Without activation functions, neural networks would be limited to linear mappings, simplifying their boundaries to lines regardless of how many layers are used. Activation functions enable networks to model complicated non-linear relationships.

Mathematically speaking, an activation function is an equation that determines the output of a neuron given an input or set of inputs.

The activation function “decides” whether a neuron should be activated or not by calculating the weighted sum of inputs and biases.

Where are activation functions used in neural networks?

Activation functions are used in a network’s hidden layers to add non-linearity and to mathematically transform the data.

Each and every neuron in the hidden layers of a neural network applies an activation function.

To further understand the activation function’s importance in the hidden layer, here’s how a hidden layer is composed:

Here, the linear transformation portion will differ for what type of model is being used.

In Multi-Layer Perceptrons (MLPs), the linear transformation will be the perceptron’s pre-activation (Wx+b).
In CNNs, it will take the form of the convolutional layer (convolution of Wx +b).
In RNNs, it will be the hidden state pre-activation (a form of Wx + b including timesteps).

Above, the math representation of this hidden layer is for a MLP with the pre-activation (z) represented using vectors.

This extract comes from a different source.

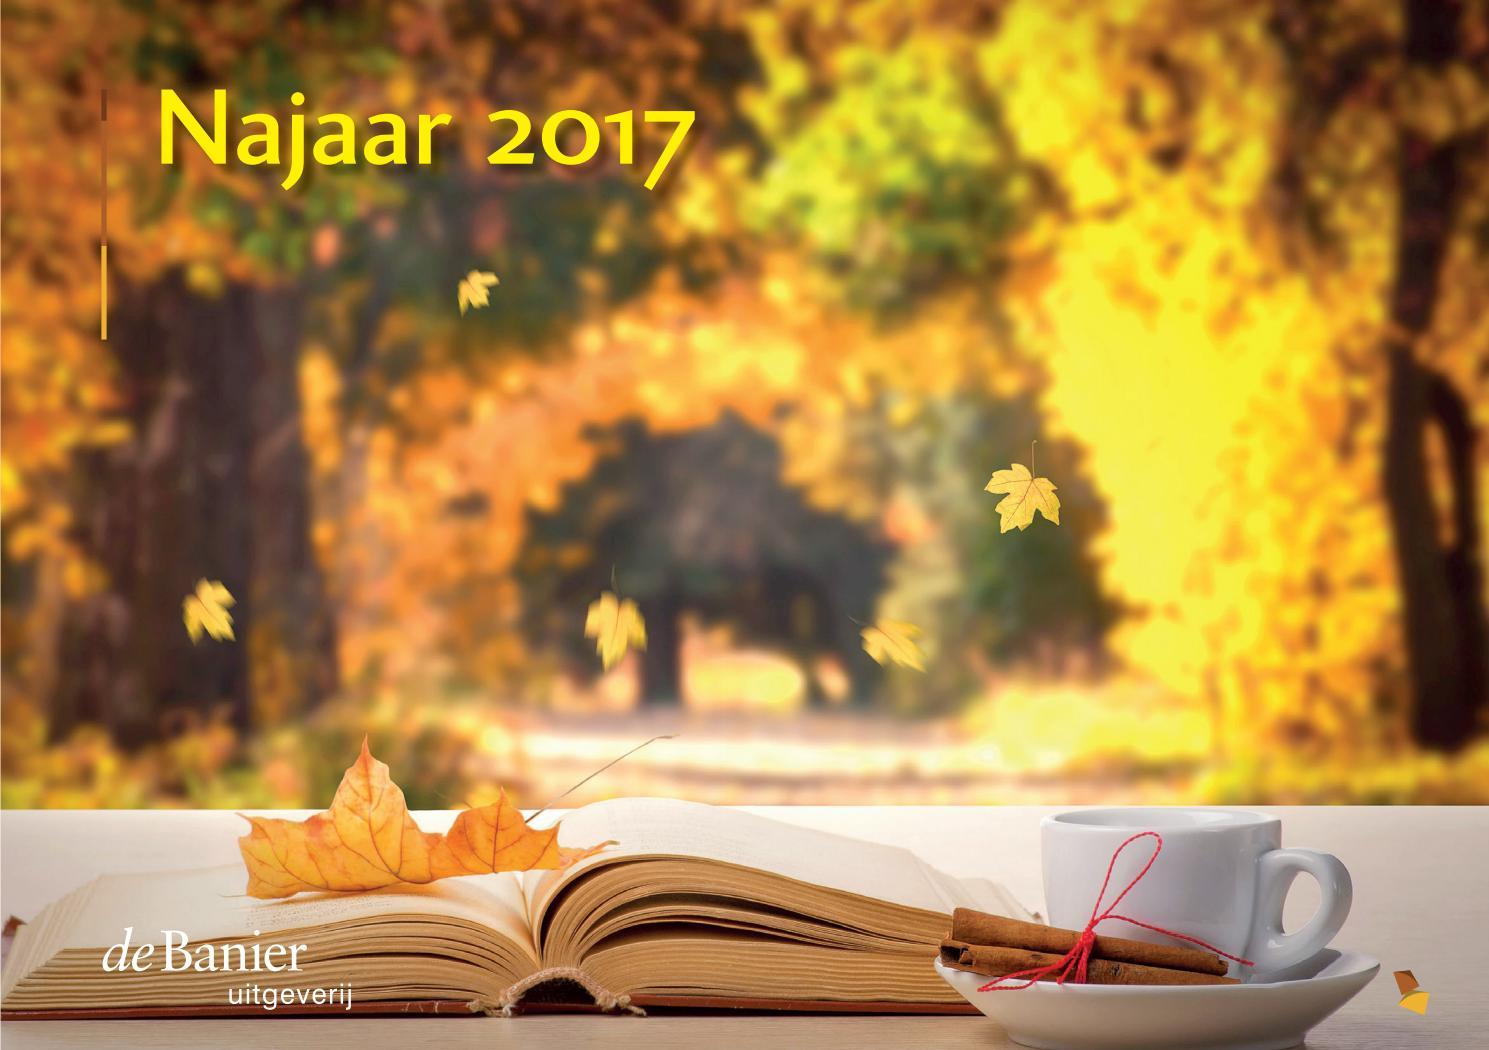 Dorcas Schuur Aagtekerke : Najaarscatalogus 2017 by erdee media groep issuu

W is the weight matrix, b is the bias vector, and x is the input vector.

Activation functions are also used at the output layer. The activation function used in the output layer depends on the type of problem since it transforms the network's output into a desired format.

If the problem is a regression problem, we would typically use a linear activation function and simply take the output from the last hidden layer as the numerical prediction.

If the problem is a classification problem:

For multiple classes (multi-class), we will often use the Softmax activation function, generating a probability distribution over all possible classes.
For binary classification, we can use the Sigmoid activation function.

In most cases for classification problems, RNNs, Transformers, and CNNs, the output will be passed through Softmax.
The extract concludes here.